Studio album by Aborted
- Released: September 21, 2018
- Recorded: March – April 2018
- Studio: Kohlekeller Studios (Seeheim-Jugenheim, Germany); MBDL Productions;
- Genre: Death metal; grindcore;
- Length: 44:59
- Label: Century Media
- Producer: Kristian "Kohle" Kohlmannslehner; Aborted;

Aborted chronology
| Retrogore (2016) | TerrorVision (2018) | ManiaCult (2021) |

Singles from TerrorVision
- "Squalor Opera" Released: July 6, 2018; "TerrorVision" Released: August 3, 2018; "Vespertine Decay" Released: September 6, 2018;

= TerrorVision (album) =

2018 album by Aborted

TerrorVision is the tenth studio album by Belgian death metal band Aborted, released on September 21, 2018, via Century Media Records. It is the first album to feature bassist Stefano Franceschini, and the last album with guitarist Mendel Bij De Leij.

Professional ratings
Review scores
| Source | Rating |
| Distorted Sound | 9/10 |
| Exclaim! | 7/10 |
| Louder Sound |  |
| Metal Injection | 7.5/10 |
| MetalSucks | 3.5/5 |

==Background and recording==
On February 21, 2018, the band finished the writing process for the album. The album was recorded at Kohlekeller Studios and produced by Kristian "Kohle" Kohlmannslehner, who previously worked with the band's Termination Redux EP, Retrogore and Bathos EP. The recording sessions had officially concluded on April 11, 2018.

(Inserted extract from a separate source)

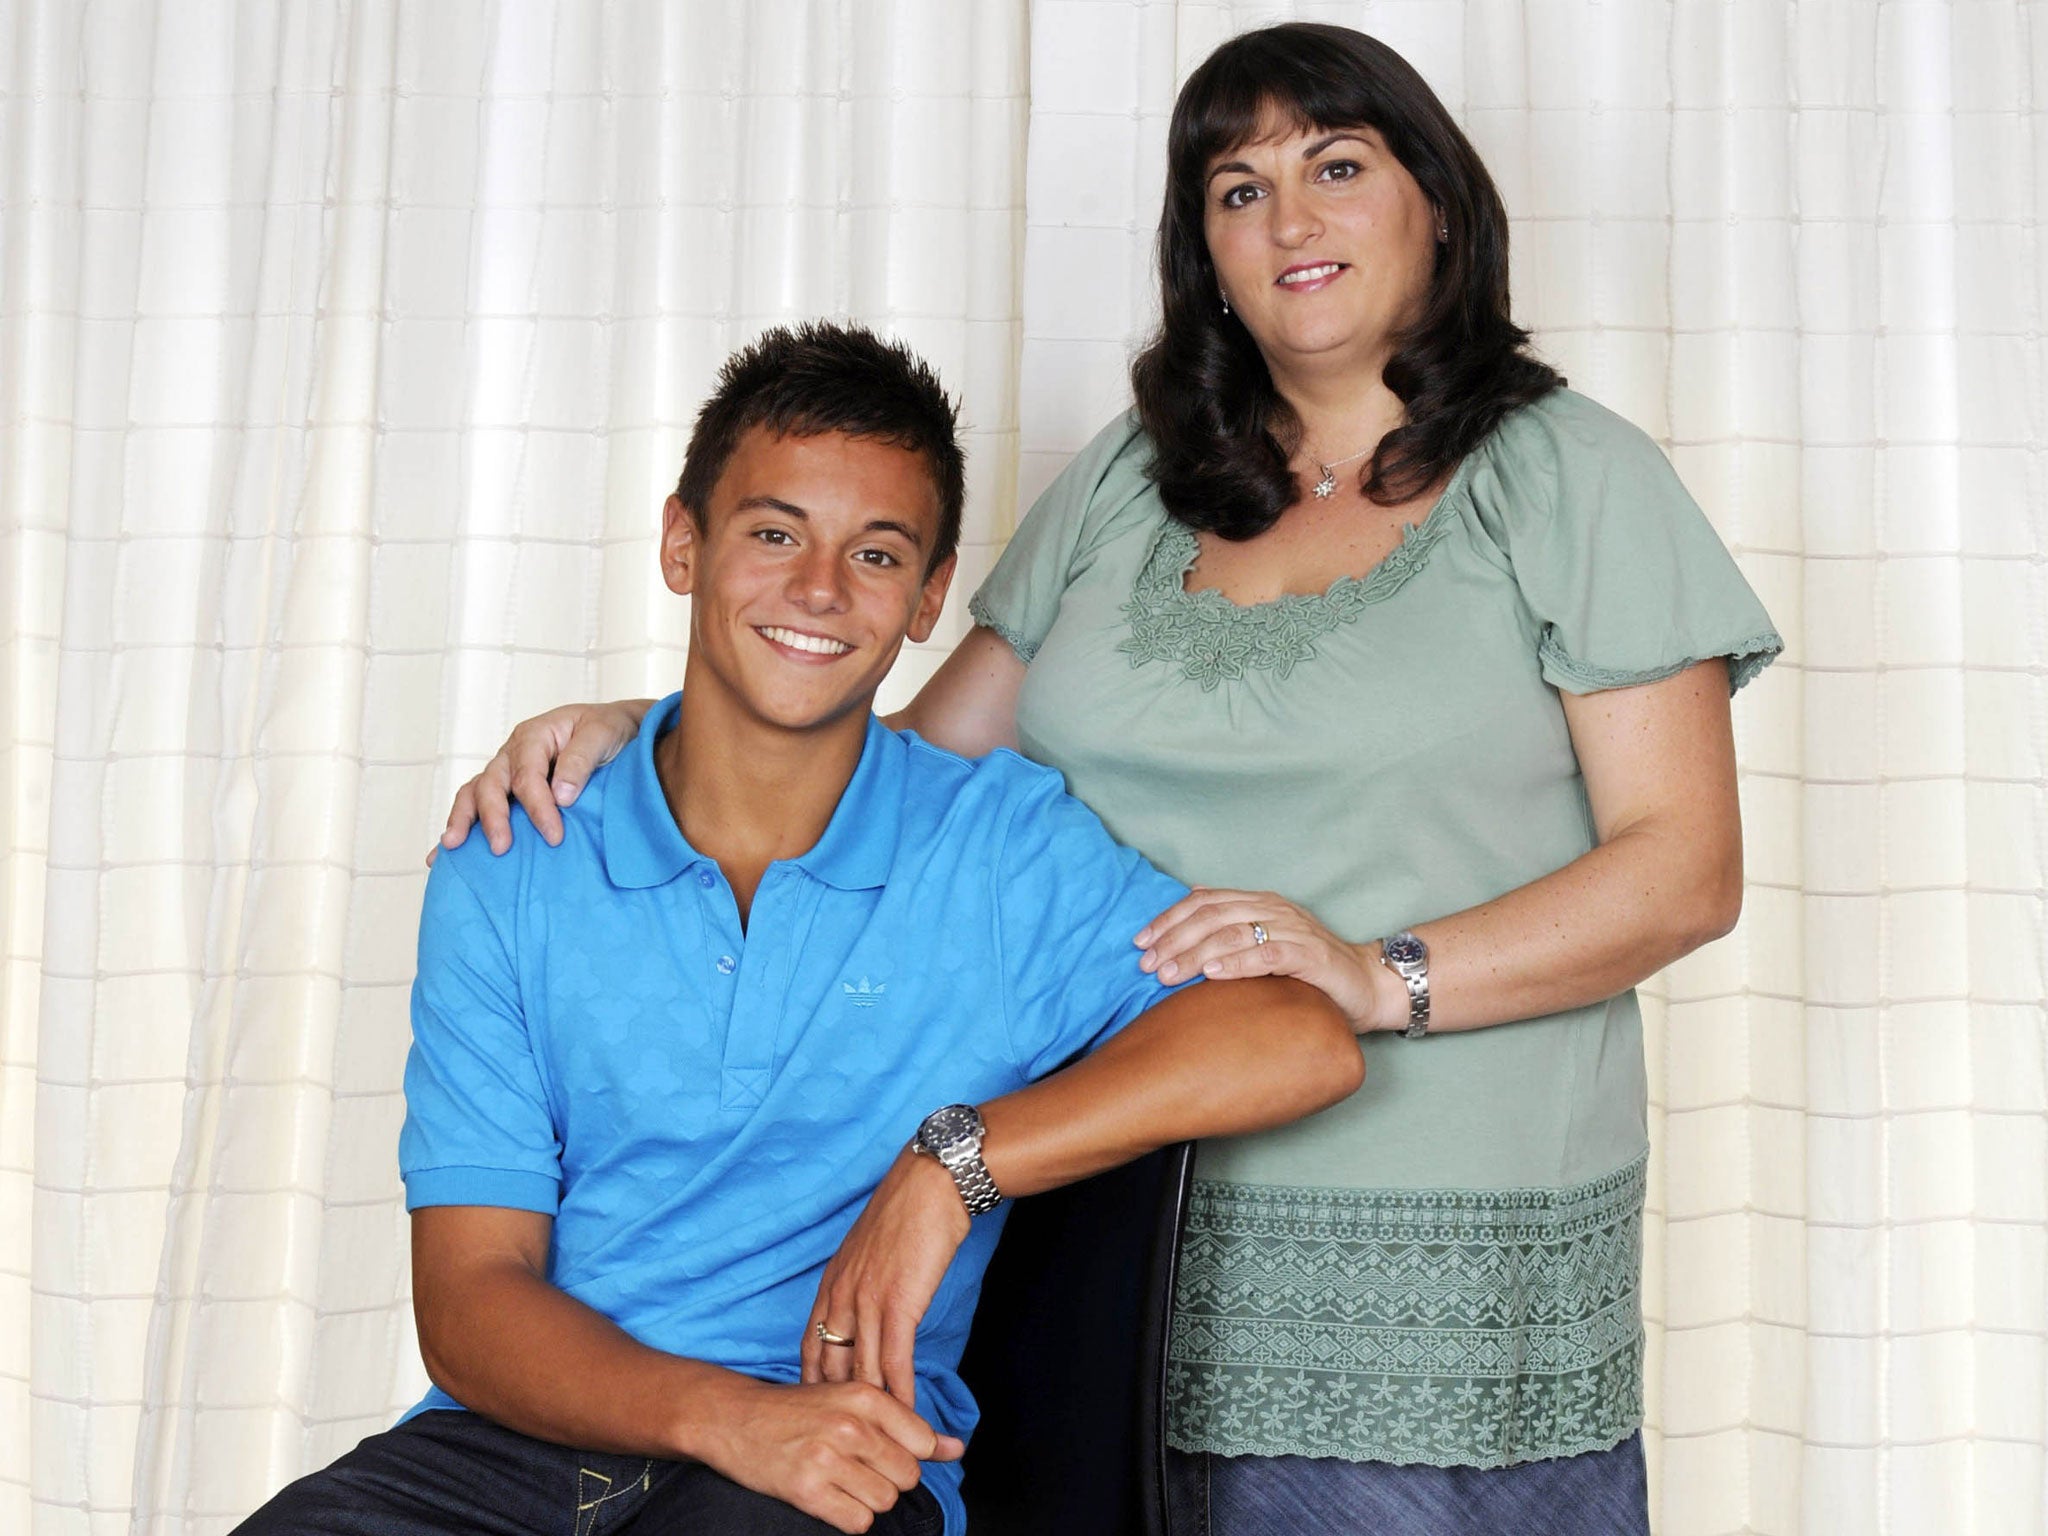 Tom Daley with his mother, who wrote an open letter to British Swimming chief executive David Sparkes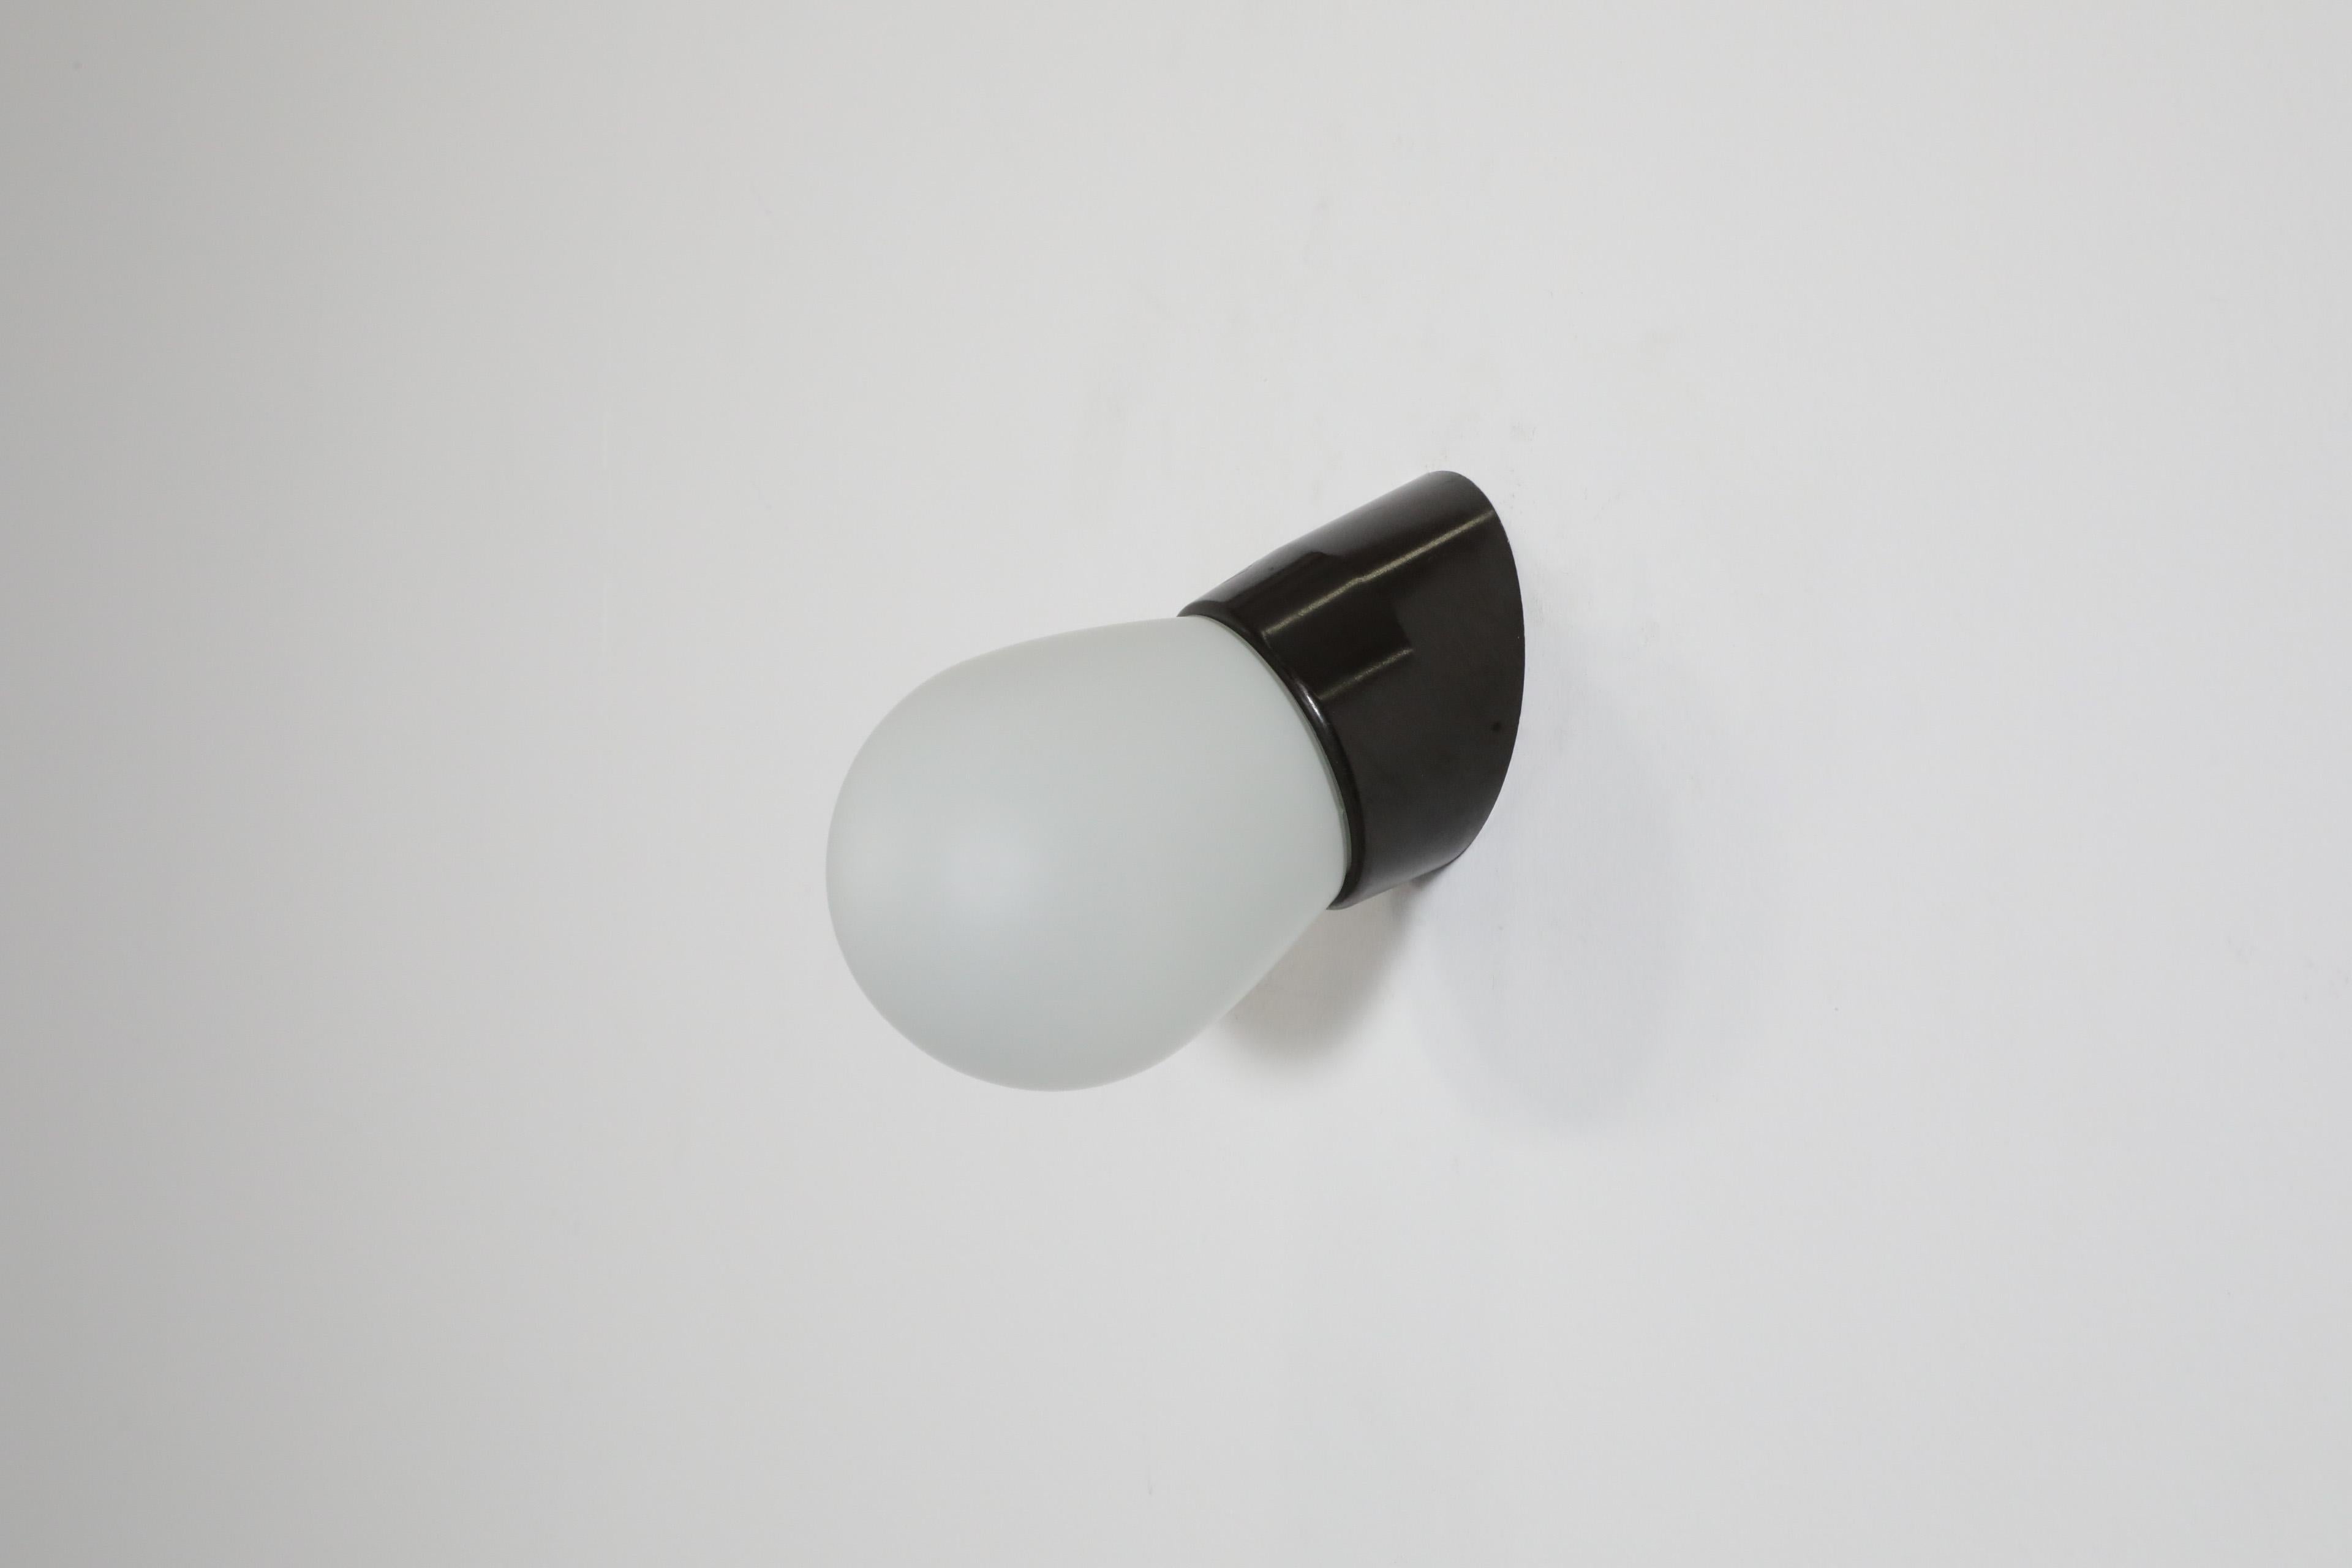 Mid-20th Century Retro Mid-Century Frosted Bulbous Glass Sconce with Angled Black Bakelite Base For Sale

The band commented on the recording process of the new album:

This is actually the first record we were able to do full pre-productions for and had Kohle involved in with since the beginning, and let me tell you, the result is there. We all feel very proud and strongly about how this beast is shaping. Get ready for the most ambitious, varied and brutal Aborted record so far. Kohle has been pushing us beyond the limit of what we have ever done and stuff is sounding massive; always a pleasure to have him involved.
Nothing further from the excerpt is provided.